Being required to comment on the book the next morning, it was read well into the night.

There was quite a lot of smoke but the gun was sadly missing.

The latest effort Hit and Run, about unarmed civilians being killed by our SAS in Afghanistan villages, is an appropriate title as it's turned out, although Hit and Miss would have been more apt.

The book launch and the aftermath was such a hit that our Well-being Government decided immediately to spend seven million bucks on getting to the bottom of the claims, appointing two knights of the realm, former Labour prime minister Geoffrey Palmer and former High Court judge Terence Arnold to lead the inquisition.

Well a significant part of the story, critical to getting to the bottom of what happened, the unarmed villagers, want nothing to do with it, they have little trust in our authorities, we're told.

Within 48 hours, Hager's co-author Jon Stephenson, told us that there were in fact insurgents in the villages after all.

So the villagers weren't as innocent as we were led to believe - but why then did the authors go to the publisher with only half the story?

The excuse from Stephenson is a lame one. Hager it seems, wanted the book published two years ago.

He was of the view that it needed to proceed then.

Stephenson says it was a judgment call that they now have to live with.

It's a call unfortunately that we all have to live with.

Credit to Stephenson for finally telling the whole story - but it's a pity it wasn't told from the start, it could have saved the taxpayer the money now being spent on the inquiry.

He tells us he only started talking the insurgent leaders after the book was published and the reason for holding off until now was that he wanted to talk to as many as possible.

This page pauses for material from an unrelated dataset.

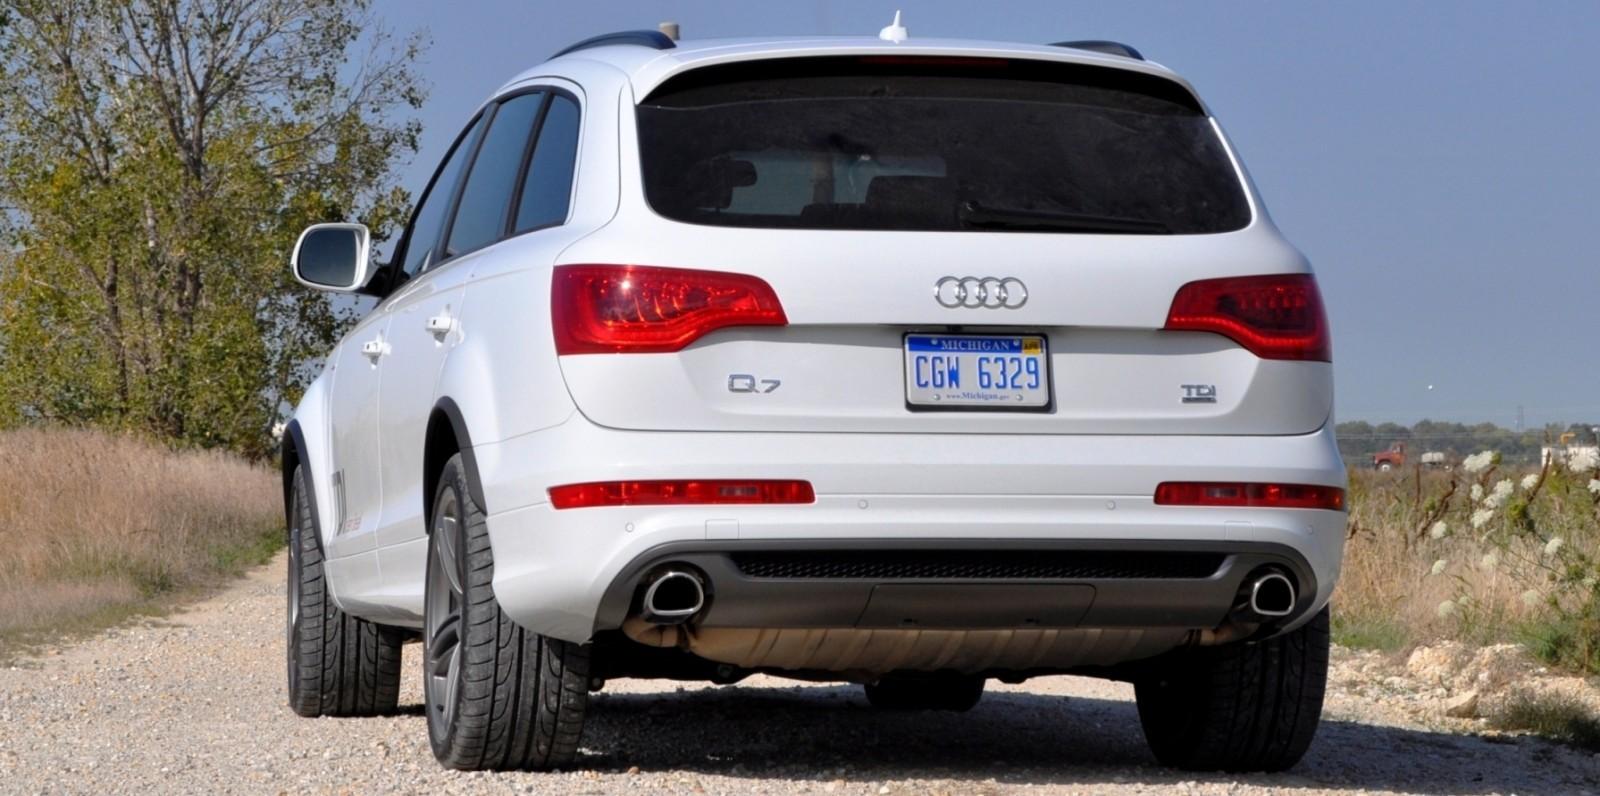 2014 Audi Q7 TDI S-line Plus - Carrara White 25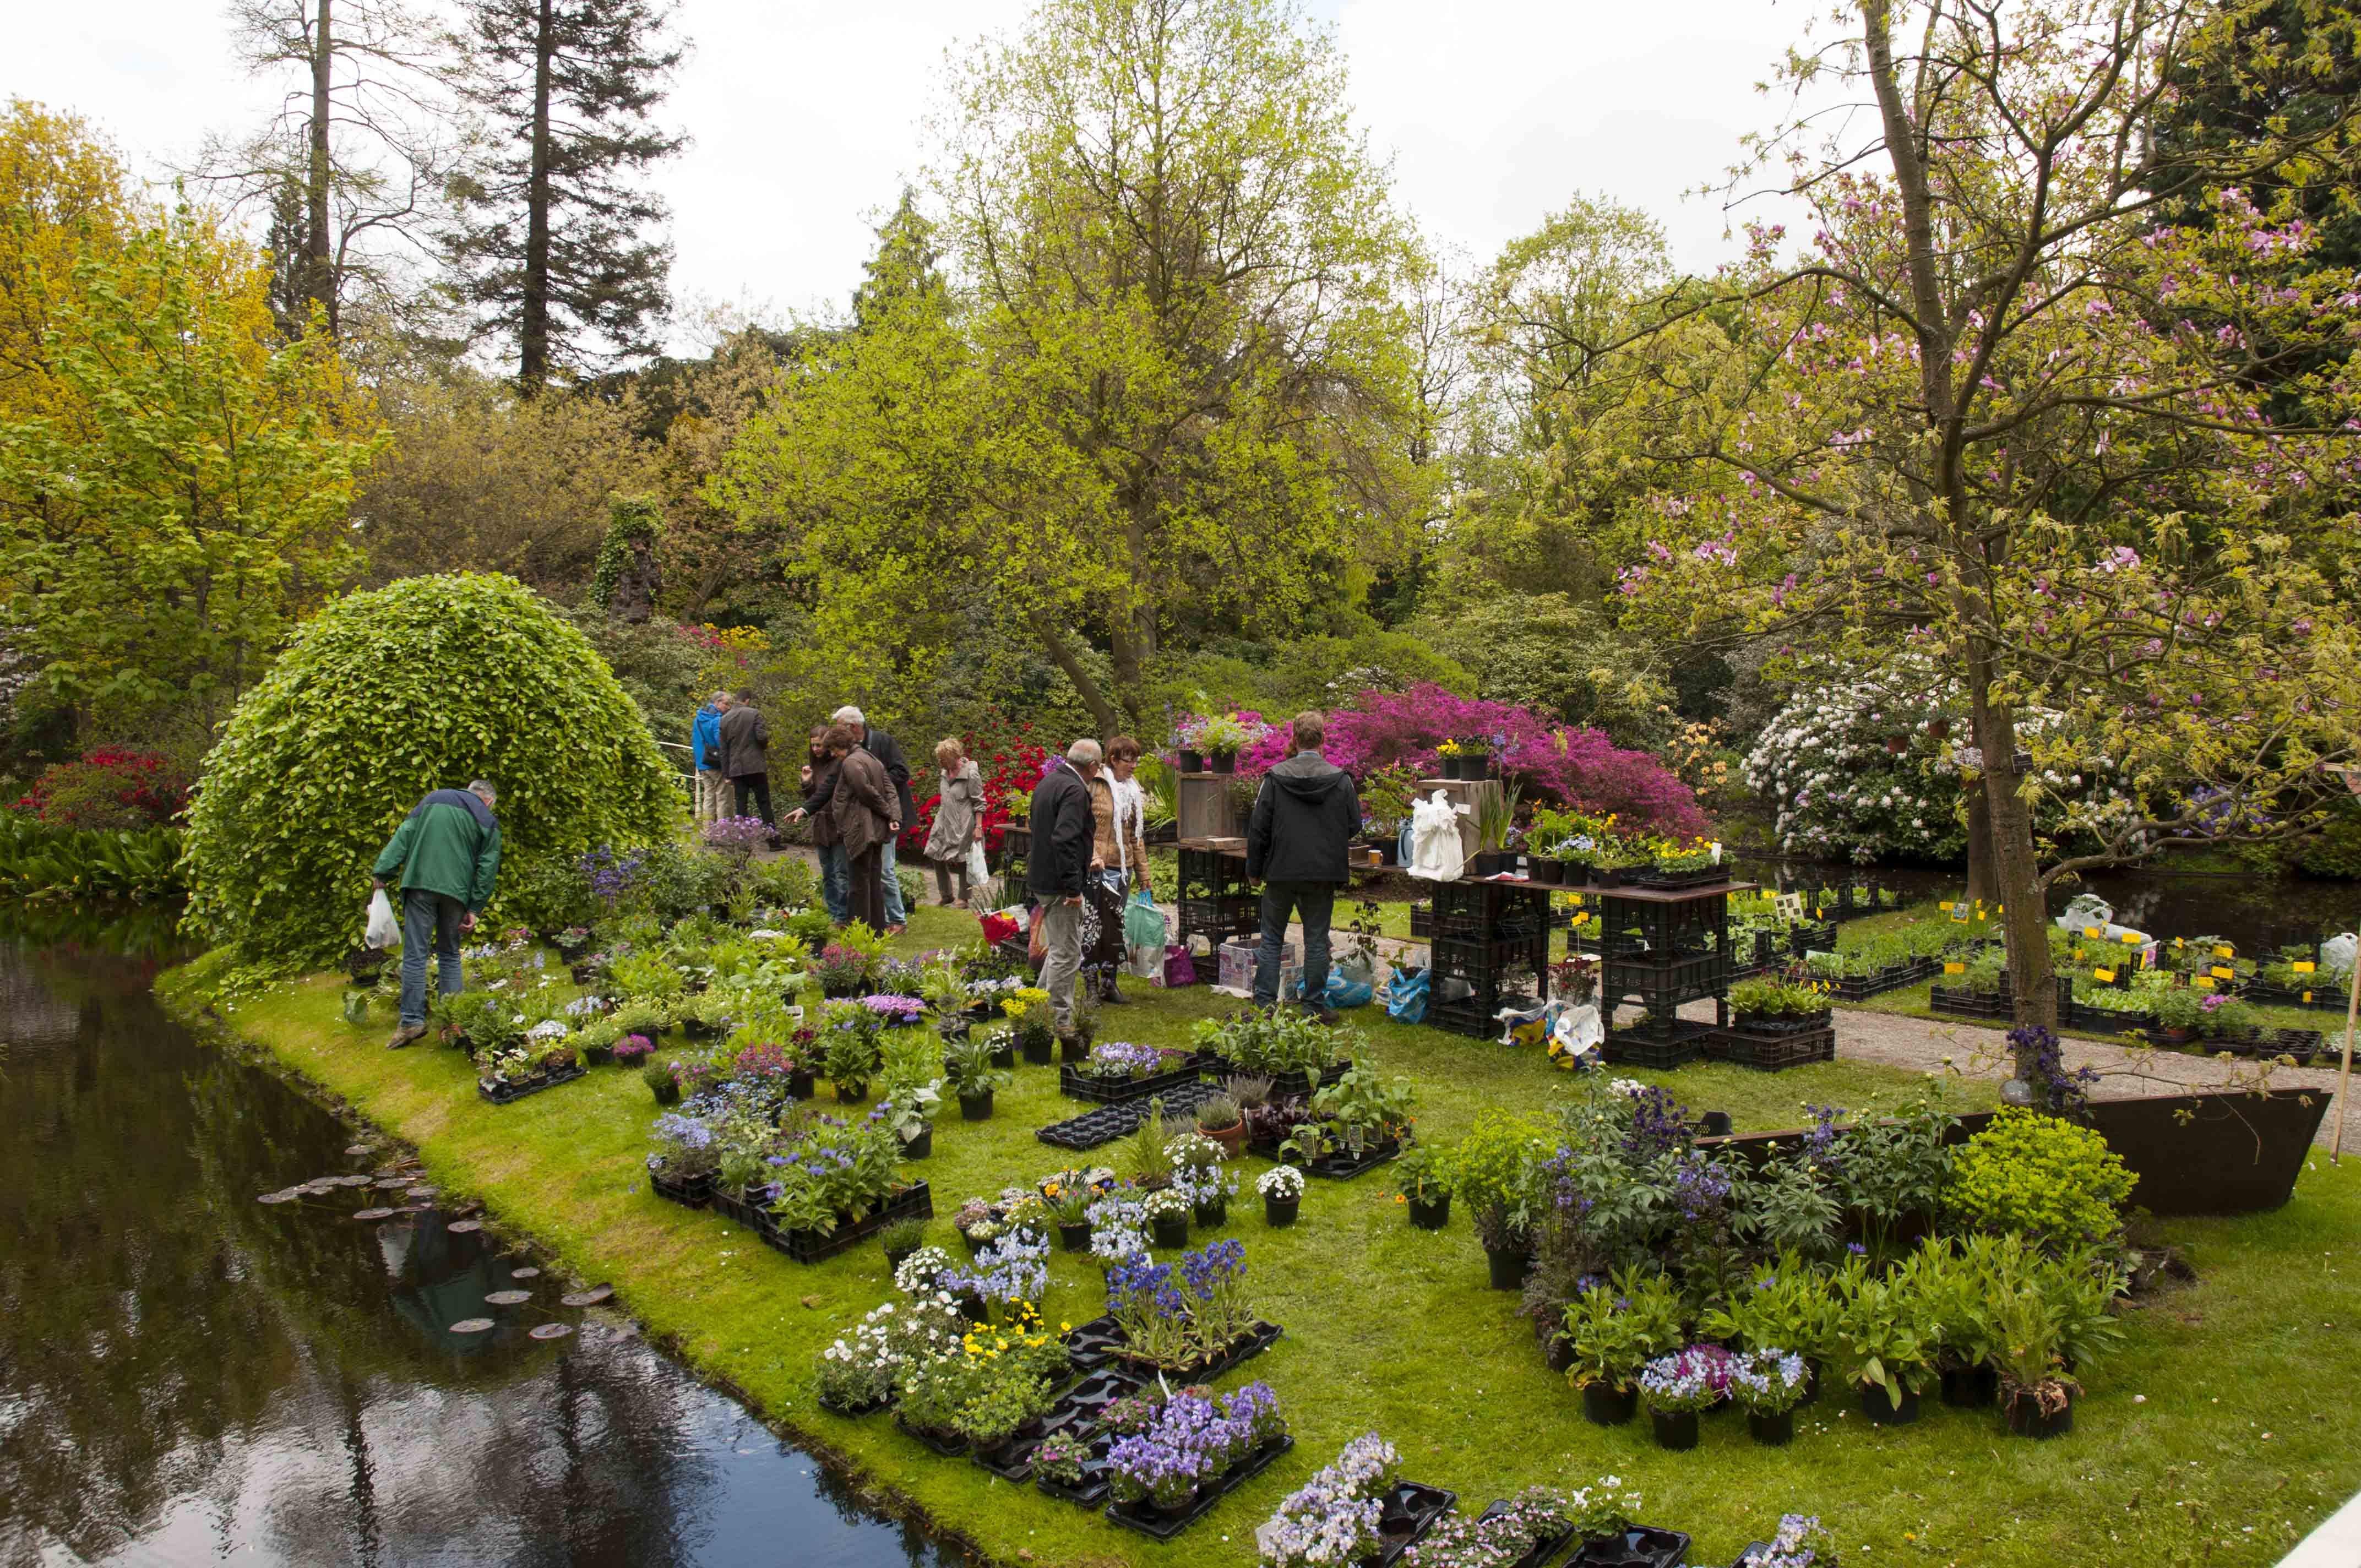 Trompenburg tuinen arboretum kralingen crooswijk for De tuinen rotterdam

Stephenson says he got to half a dozen of them but still maintains it's a question for the inquiry to find out whether civilians were killed.

He maintains at least two were shot, one of them happened to be running off clutching an AK47.

Unfortunately and sadly civilians die in combat zones.

Having travelled with the SAS in Afghanistan one thing became apparent - they were meticulous, careful and they most certainly were not trigger happy but above all they were caring.